East African Athletes

Kenyans and other east Africans sweep 60% of the worlds distance running events. In the sprints, their fastest recorded time for the 100meters is 10.28 seconds. It is ranked as the 5,000th on the all time list. The top 60 times for the 3000meters steeplechase are all held by Kenyan athletes. They also hold more than half of the top times for the 5000meters and the 10,000 meters. The vast majority of top Kenyan runners come from one area of the country, the Kalejin region. The Kalejin (1.5m population) athletes have more than 70% of Kenya’s Olympic medals for running.

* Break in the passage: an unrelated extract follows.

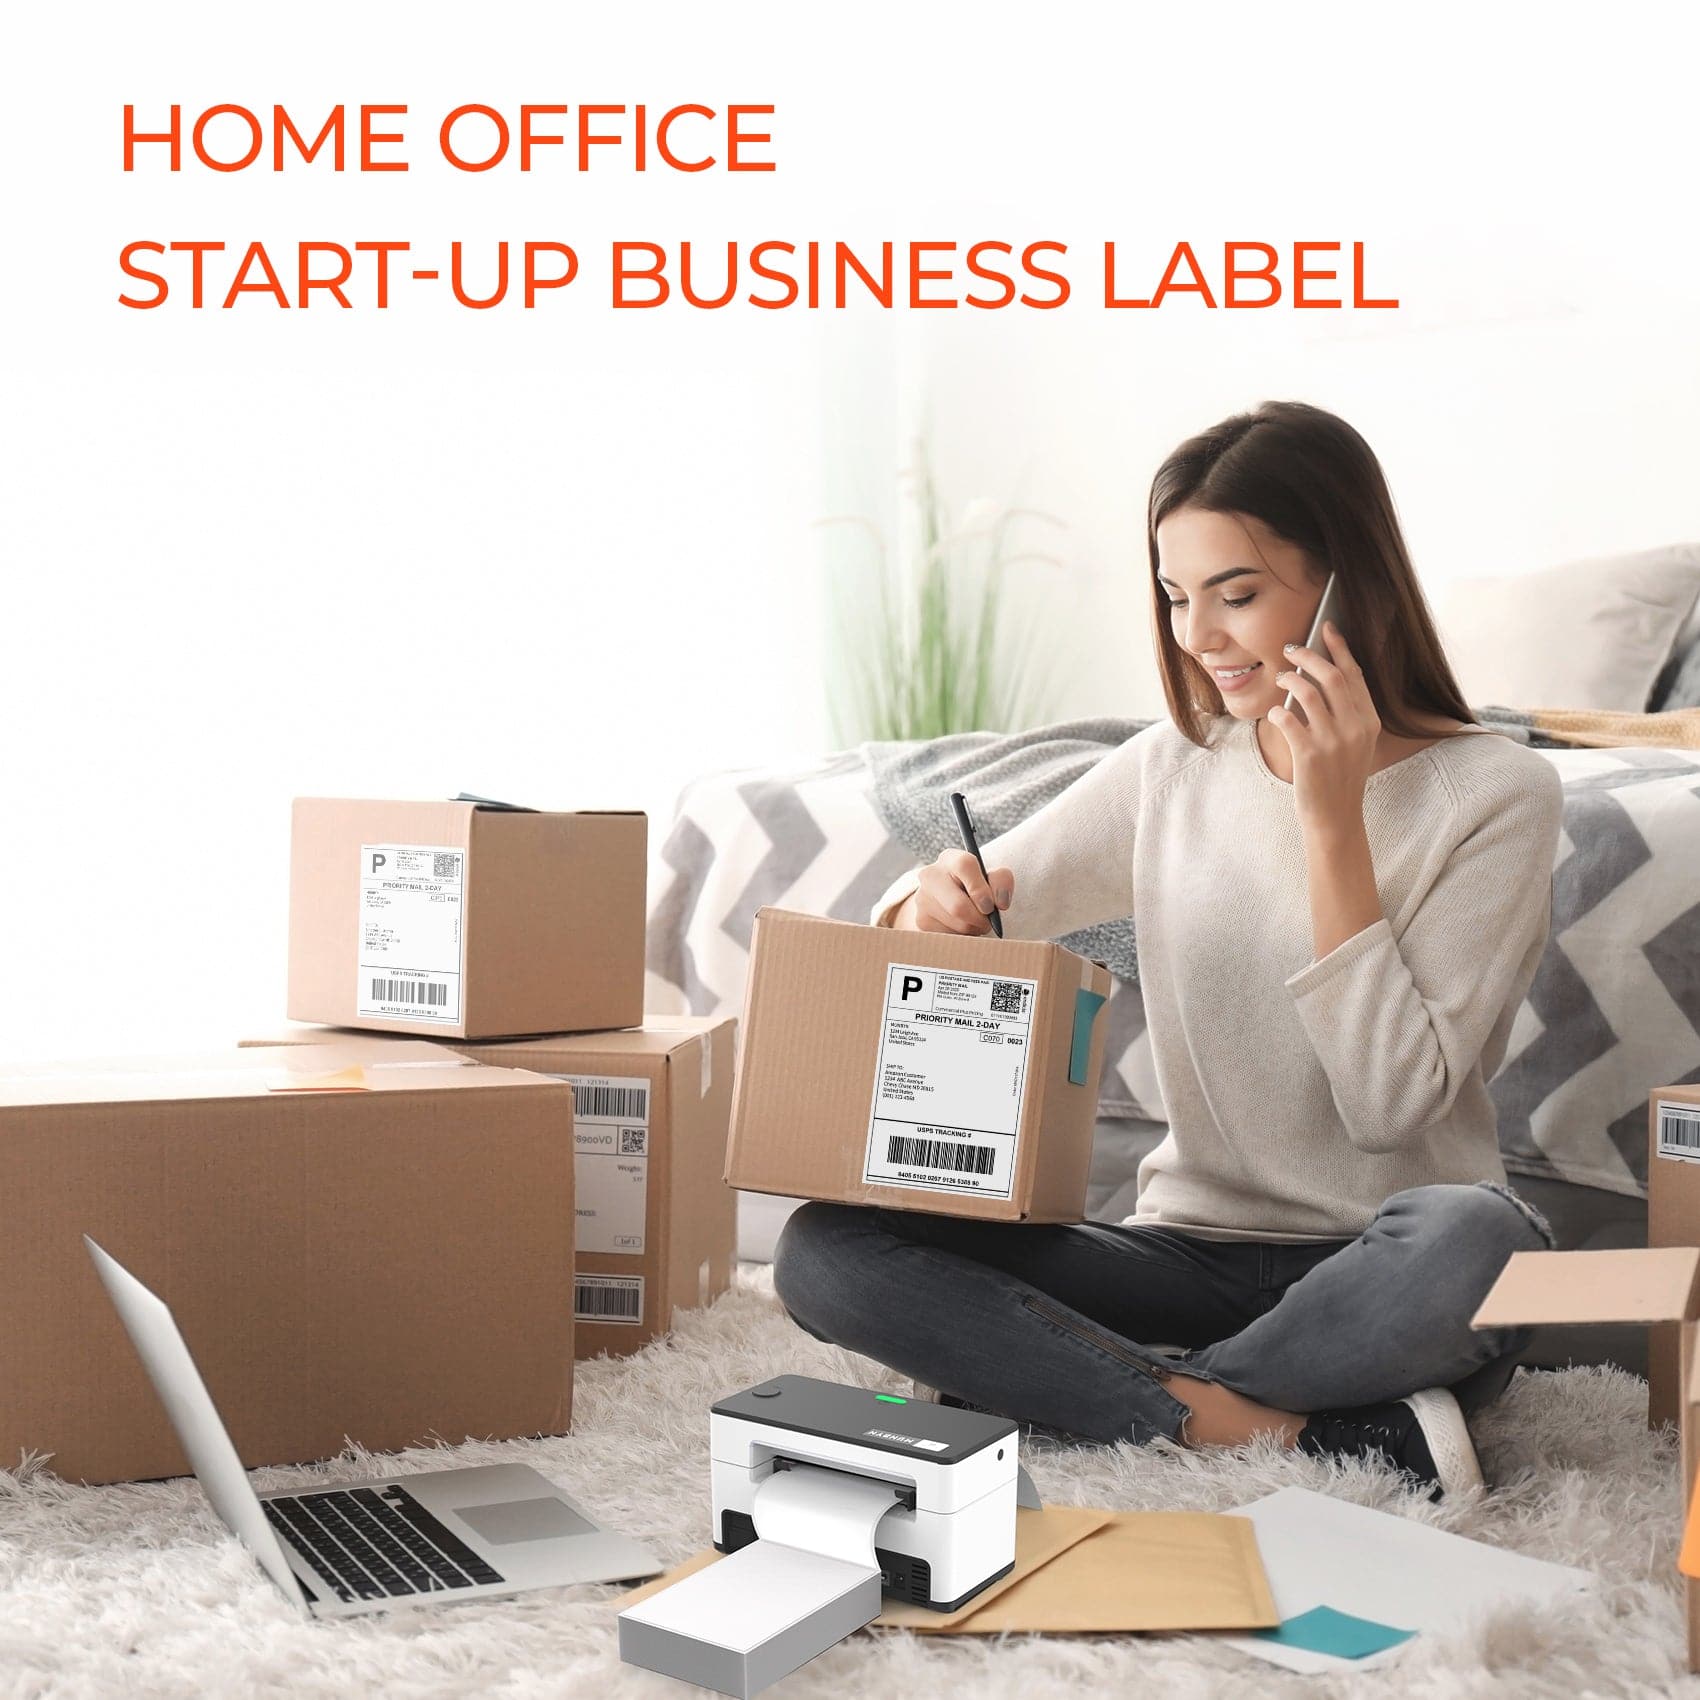 MUNBYN 4x6 thermal labels are perfect for home offices and startup package shipping labels.
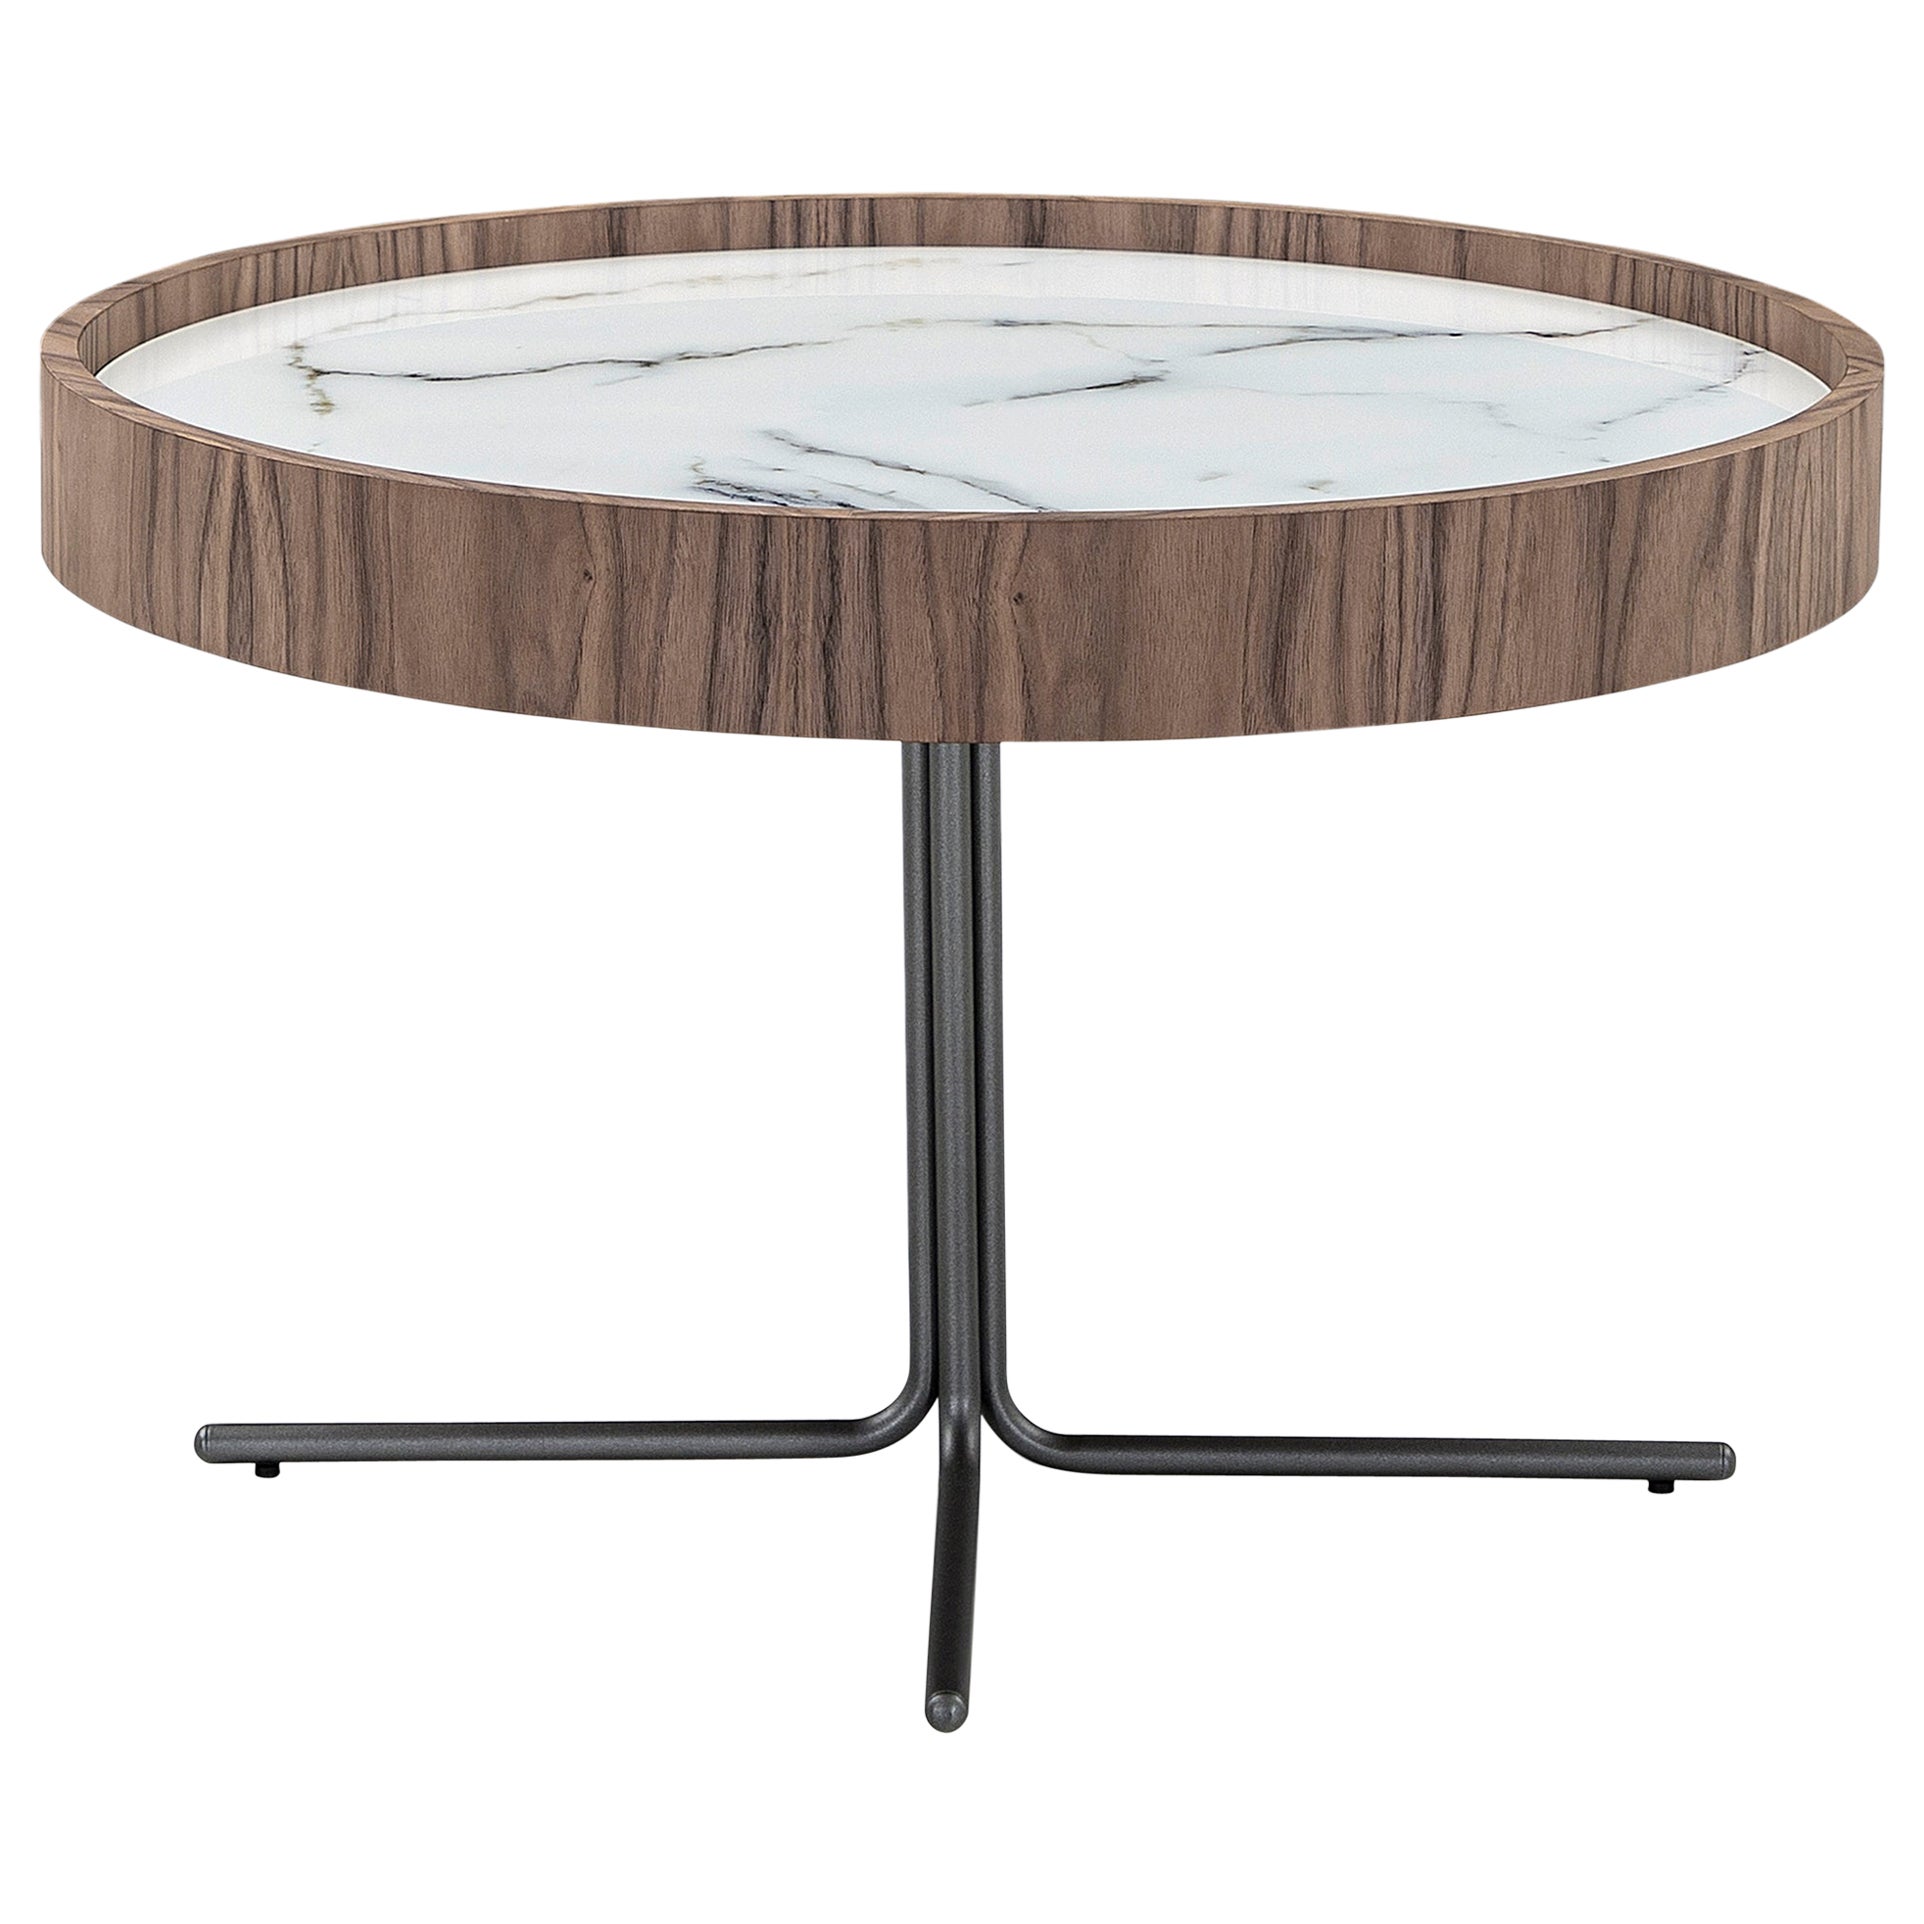 Regia Occasional Table in Walnut Wood Finish Featuring White Glass 26'' For Sale

Kenyan’s have a distinct body type:

* Ectomorphs

* Short and slender

* Higher RBC count

* Huge lung capacity

* High percent of slow twitch muscle fibers

* More energy producing enzymes in their muscles

They are the perfect biomechanical package for running

Caucasian Athletes

Caucasian athletes tend to have, on average, more natural upper-body strength, predictably dominated weightlifting, wrestling and field events, such as the hammer (hold 46 of the top 50 performances). Evolutionary forces have shaped a population with a predilection toward a mesomorphic body type – large and muscular, particularly in the upper body, with relatively short arms and legs and thick torsos. These proportions tend to be an advantage in sports in which strength rather than speed is at a premium.

Caucasian athletes tend to dominate swimming events; very few athletes reach any swimming finals. This is due to that African athletes have heavier skeletons and smaller chest cavities. This would lead them to a disadvantage when competing in the water.

Indian Athletes

Indian Athletes excel in a variety of sports particularly cricket. This is due to social and cultural influences rather then physiological differences. Research has shown that genetic evolution has strongly influenced the physiological make up of people living in different environments. This could determine if an individual has the chance at becoming an elite athlete. Through dedication, commitment and good fortune are also factors that play a major part in determining if an athlete will be a winner. It is also necessary to take in to account the social, cultural and economic factors of a country. These can have a great effect of choice of sport. This could help to explain why some races excel at some sports but not in others.